• Data section
▼▼▼
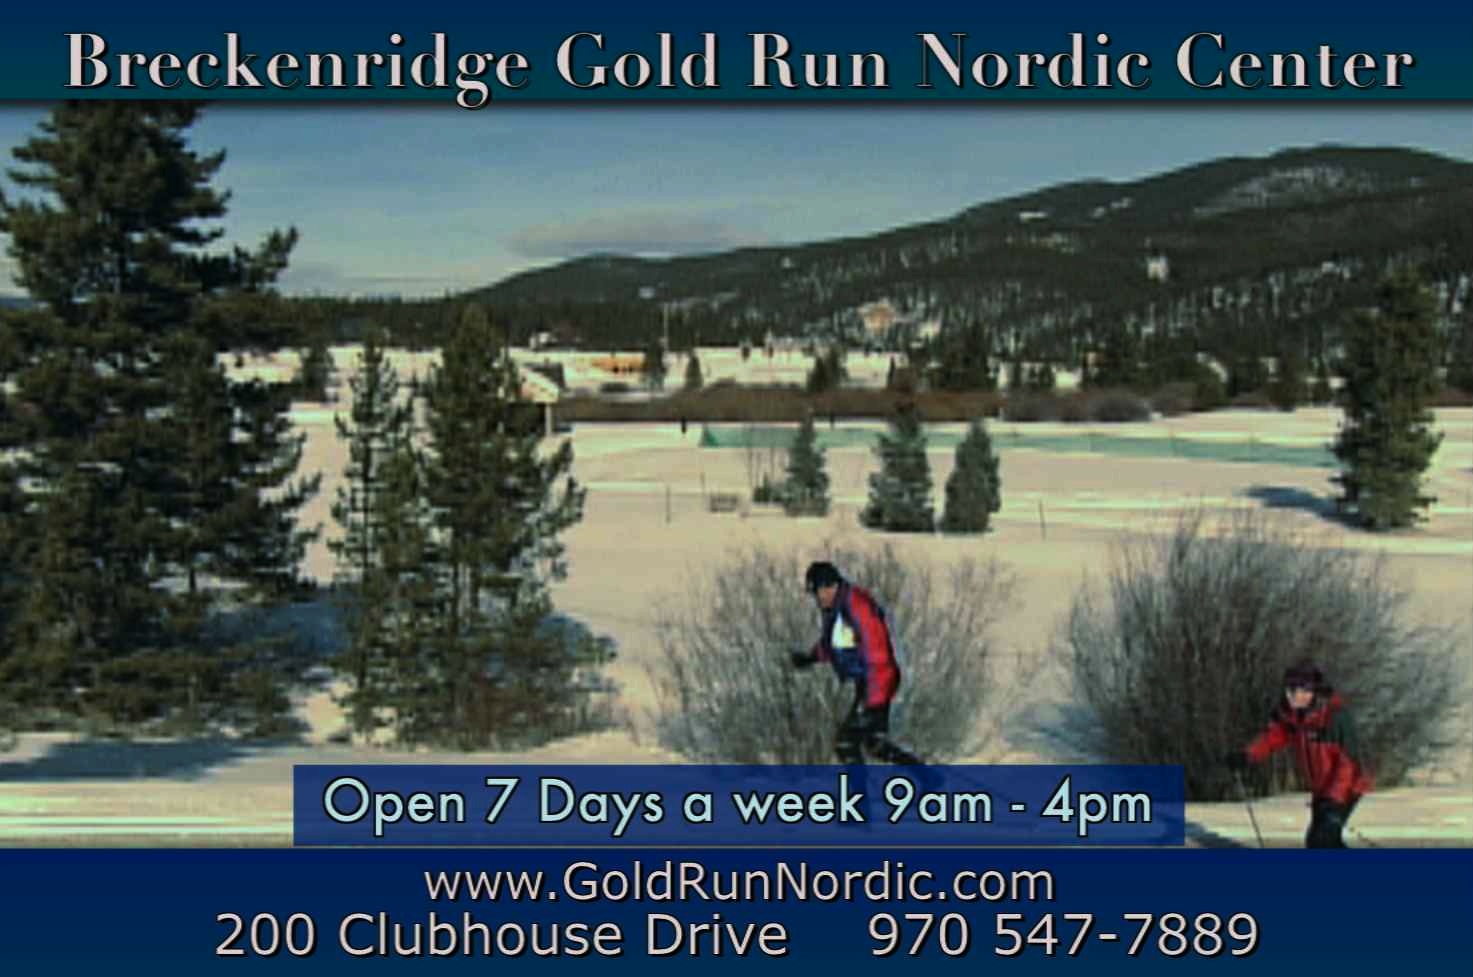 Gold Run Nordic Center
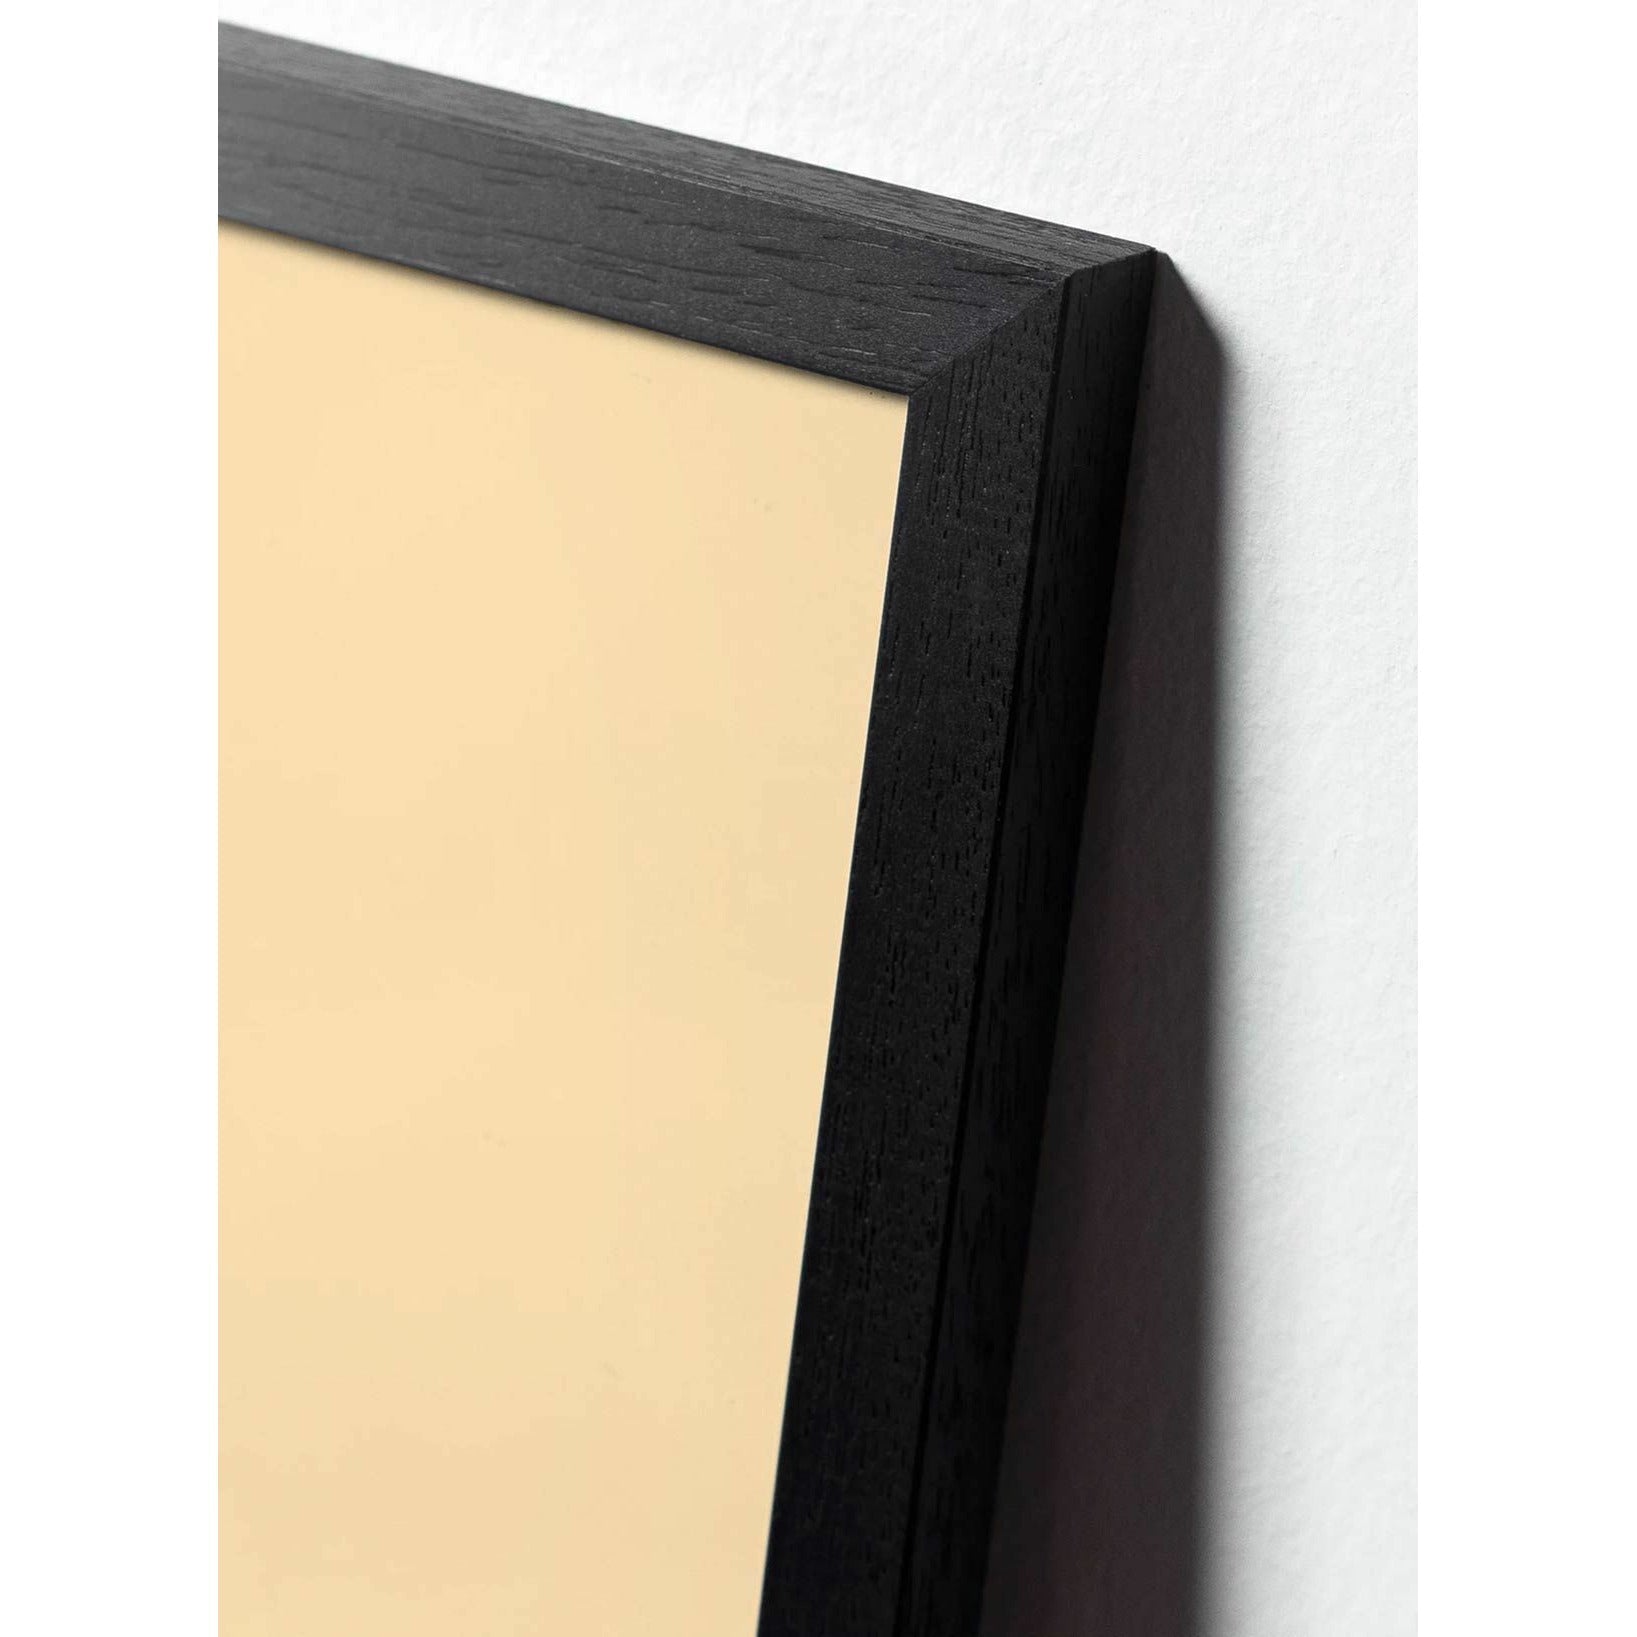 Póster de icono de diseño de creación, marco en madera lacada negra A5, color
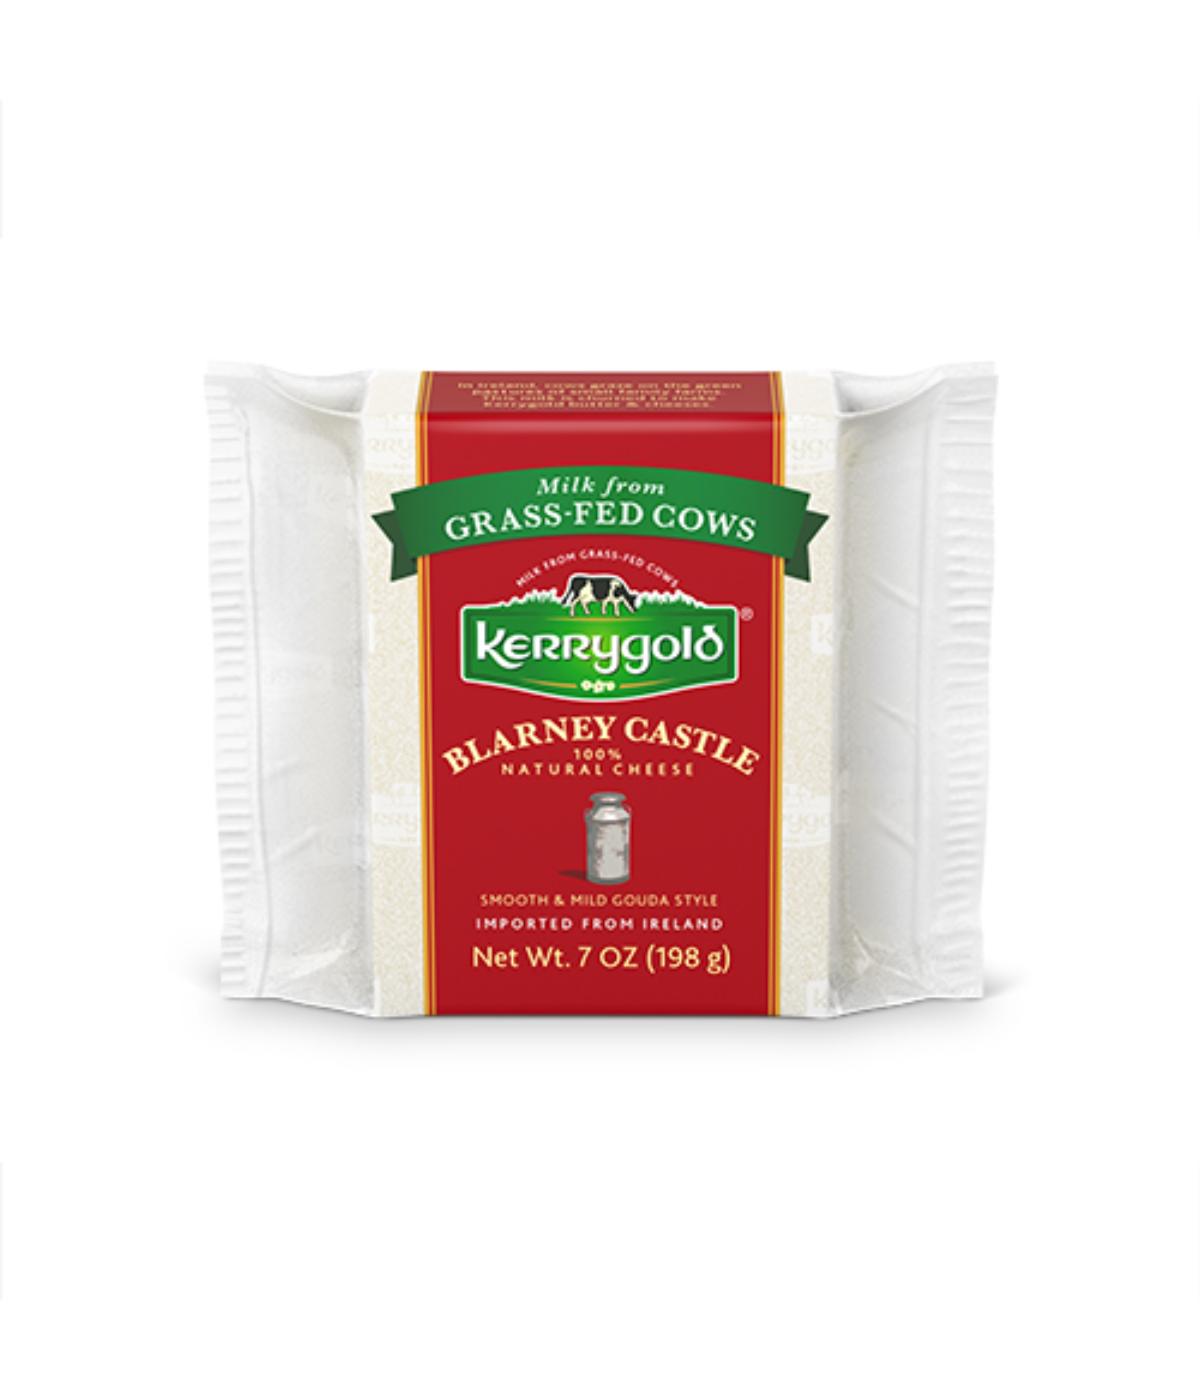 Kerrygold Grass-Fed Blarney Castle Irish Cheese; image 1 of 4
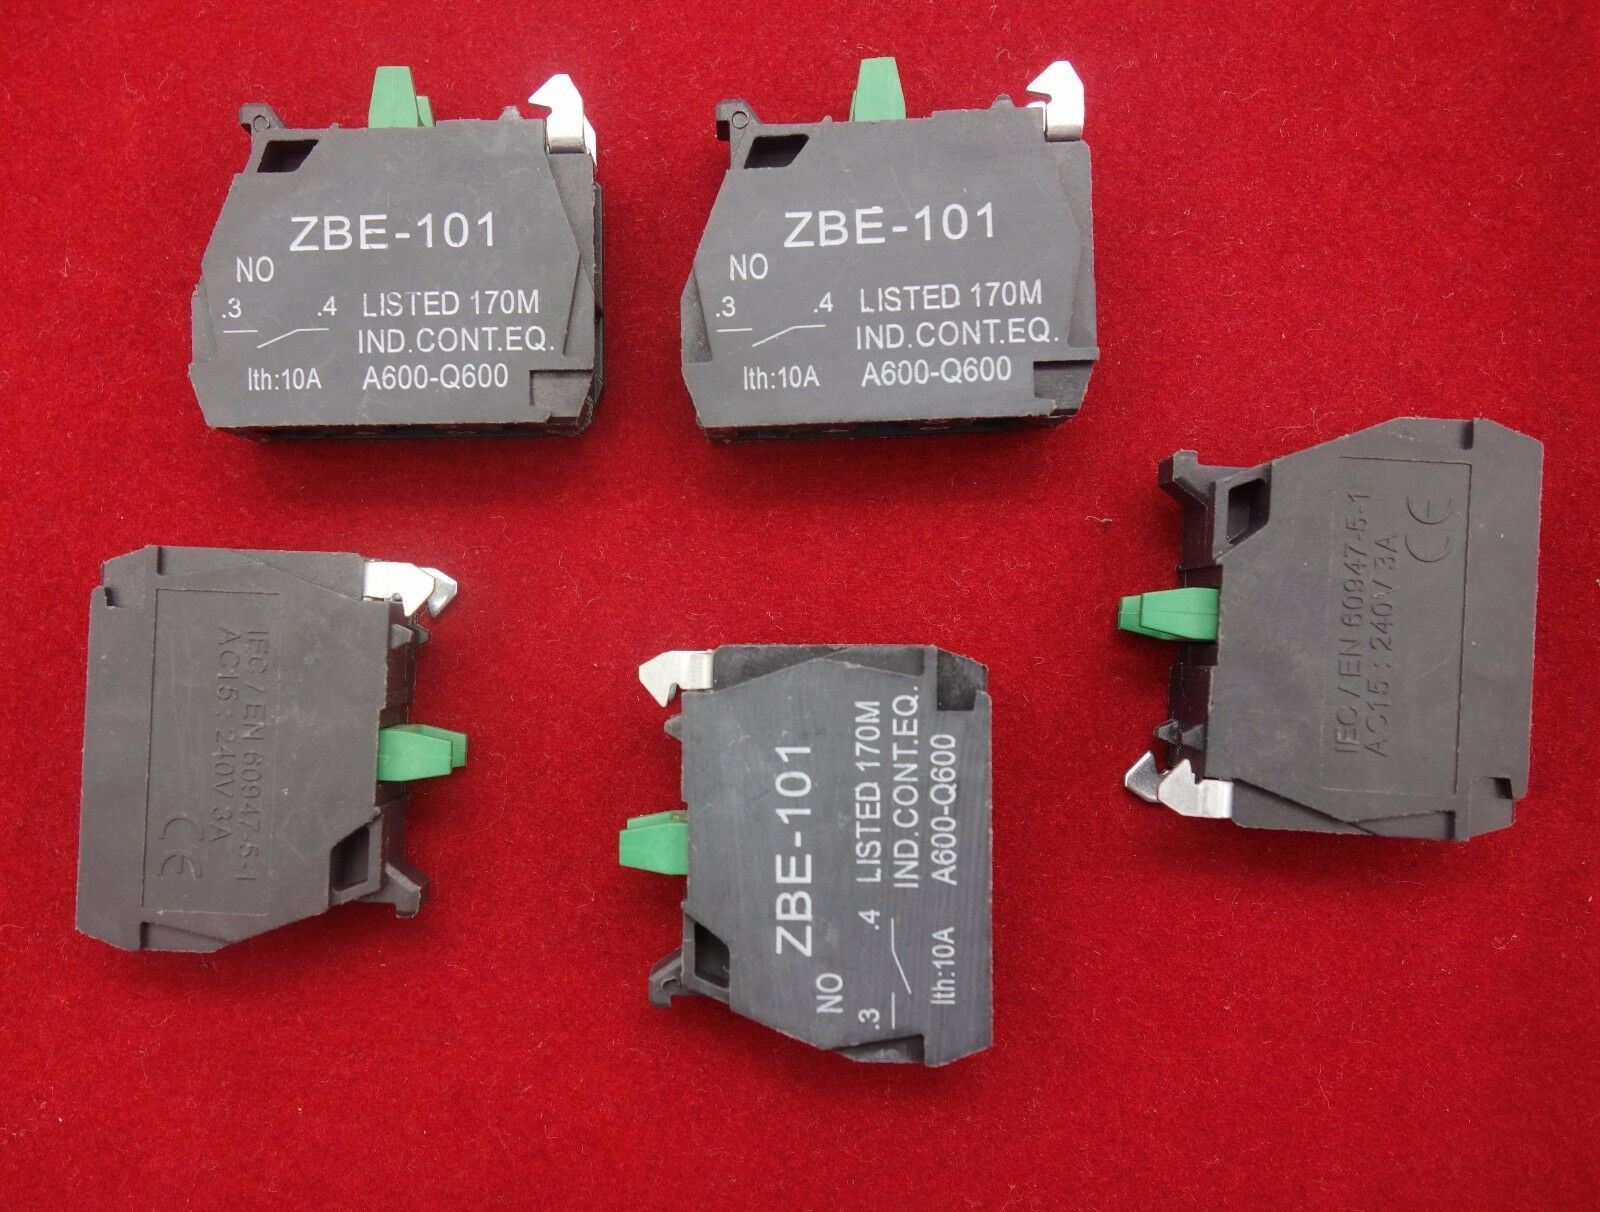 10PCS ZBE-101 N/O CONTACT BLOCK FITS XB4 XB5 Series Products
▲▲▲
• What you have to do
Would you reproduce the lines from the one with "Kerrygold Grass-Fed Blarney" through the final line of the data above, exactly and only those, without any pictures?

• Finished task
 Kerrygold Grass-Fed Blarney Castle Irish Cheese; image 1 of 4
 10PCS ZBE-101 N/O CONTACT BLOCK FITS XB4 XB5 Series Products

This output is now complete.